The given problem is a double integral:

$\int_{-1}^{1} \left( \int_0^y xye^{x^2} \, dx \right) dy$

Step-by-step solution:

1. Inner Integral: We first evaluate the inner integral with respect to $x$, while treating $y$ as a constant:

$I_1 = \int_0^y xye^{x^2} \, dx$

To solve this, we perform substitution.

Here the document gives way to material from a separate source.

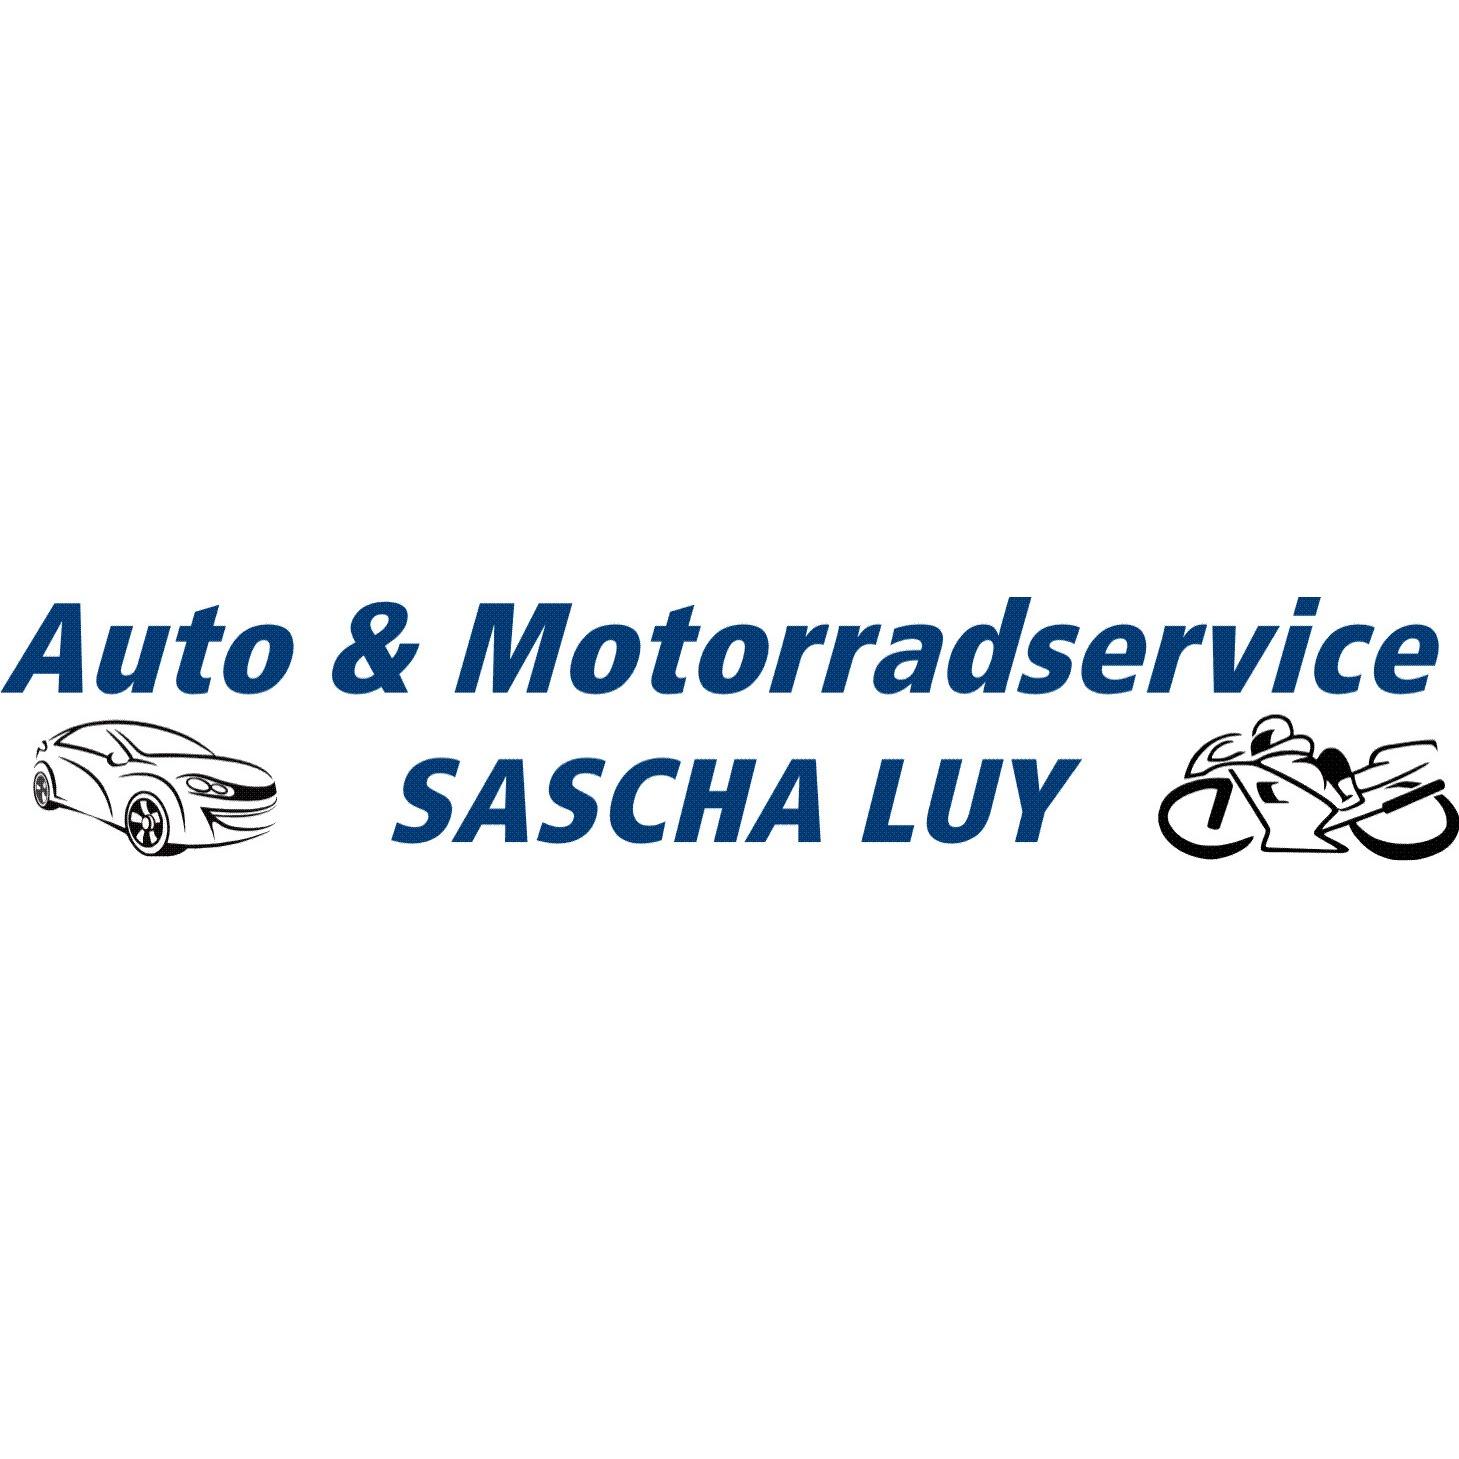 Auto & Motorradservice Sascha Luy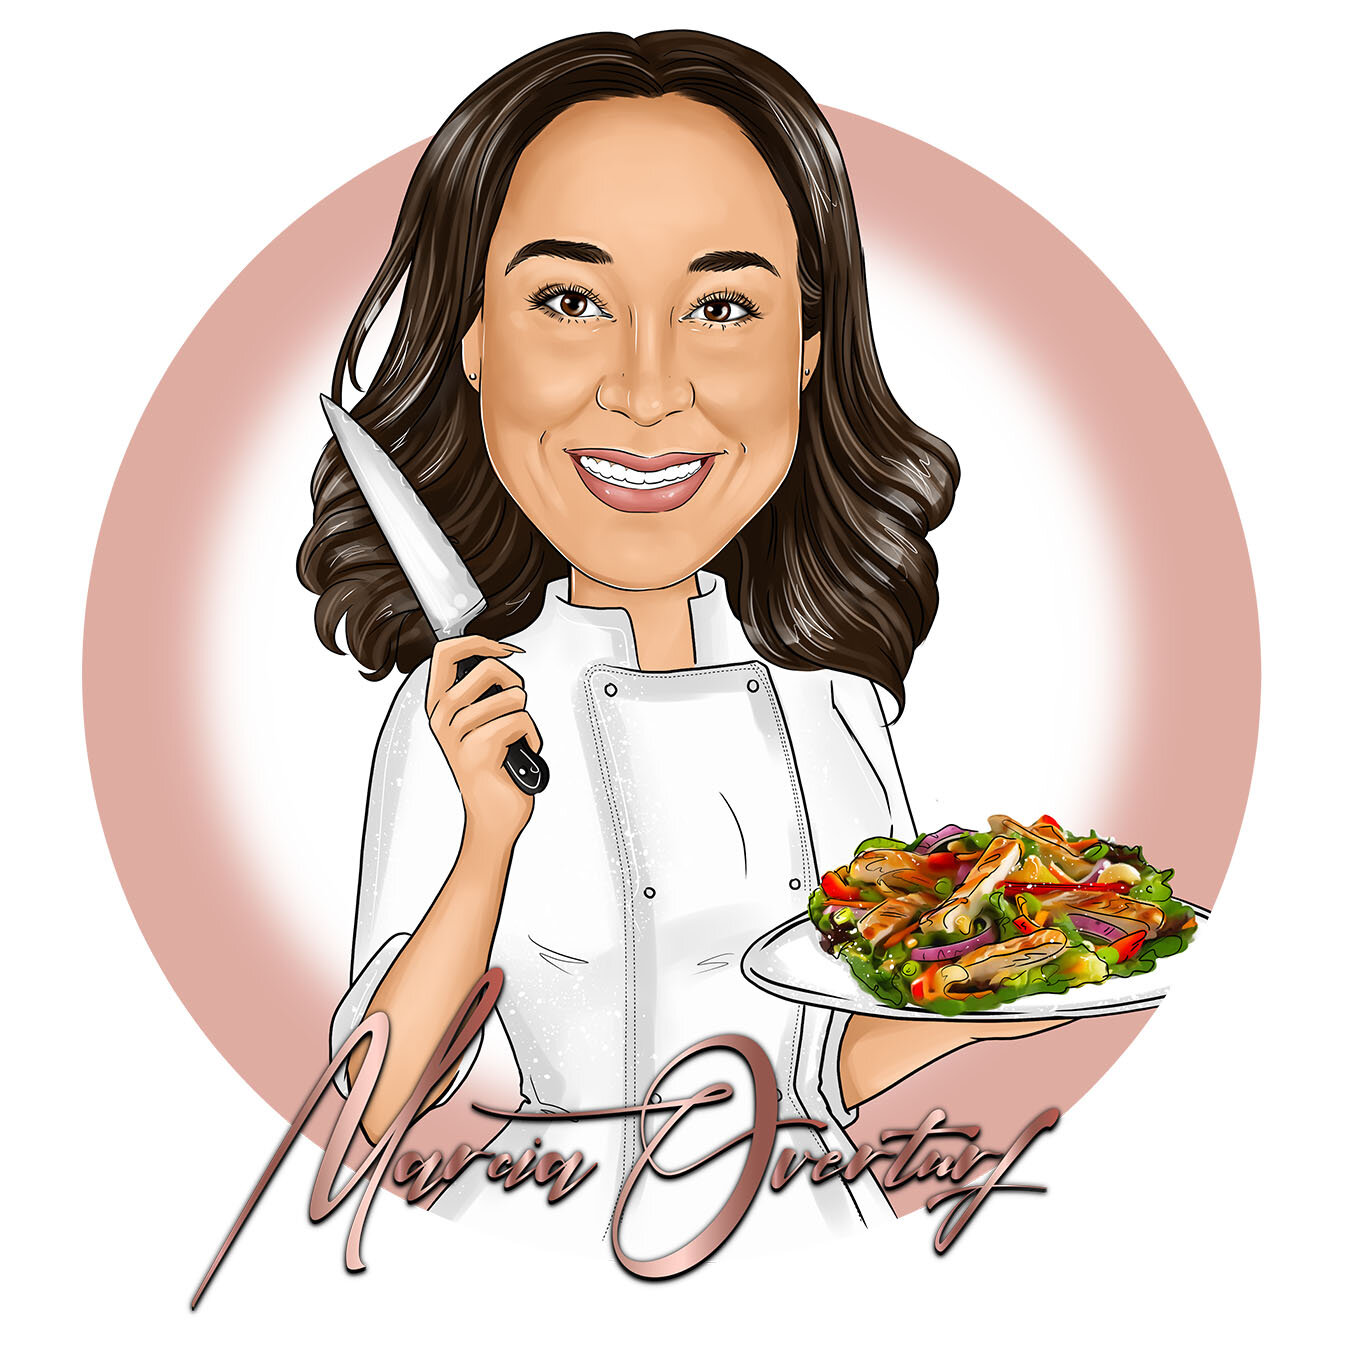 logo for chef-portrait logo for chef-chef logo.jpg

Let $u = x^2$, so $du = 2x \, dx$, or $dx = \frac{du}{2x}$.

Thus, the integral becomes:

$I_1 = y \int_0^y xe^{x^2} \, dx = \frac{y}{2} \int_0^{y^2} e^u \, du$

The integral of $e^u$ is simply $e^u$. Substituting the limits:

$I_1 = \frac{y}{2} \left( e^{y^2} - e^0 \right) = \frac{y}{2} \left( e^{y^2} - 1 \right)$

2. Outer Integral: Now we need to integrate this result with respect to $y$:

$I_2 = \int_{-1}^{1} \frac{y}{2} \left( e^{y^2} - 1 \right) \, dy$

This can be broken into two parts:

$I_2 = \frac{1}{2} \int_{-1}^{1} y e^{y^2} \, dy - \frac{1}{2} \int_{-1}^{1} y \, dy$

• The second integral, $\int_{-1}^{1} y \, dy$, is zero because it's an odd function over a symmetric interval.
• For the first integral, perform substitution $u = y^2$, so $du = 2y \, dy$. Changing limits, when $y = -1$, $u = 1$, and when $y = 1$, $u = 1$:

$\int_{-1}^{1} y e^{y^2} \, dy = 0$

Thus, the entire integral evaluates to:

$I_2 = 0$

Final Answer:

$\int_{-1}^{1} \left( \int_0^y xye^{x^2} \, dx \right) dy = 0$

Would you like further clarification or more details on any specific step?

Here are five related questions to deepen your understanding:

1. How does the substitution method simplify integrals involving exponential functions?
2. Why is the integral of an odd function over a symmetric interval zero?
3. Can you apply this method to other integrals involving products of $e^{x^2}$ and polynomials?
4. How would the result change if the limits of integration were different?
5. What is the significance of the exponential function in this context?

Tip: When dealing with complex integrals, breaking them into smaller, manageable parts often simplifies the solution.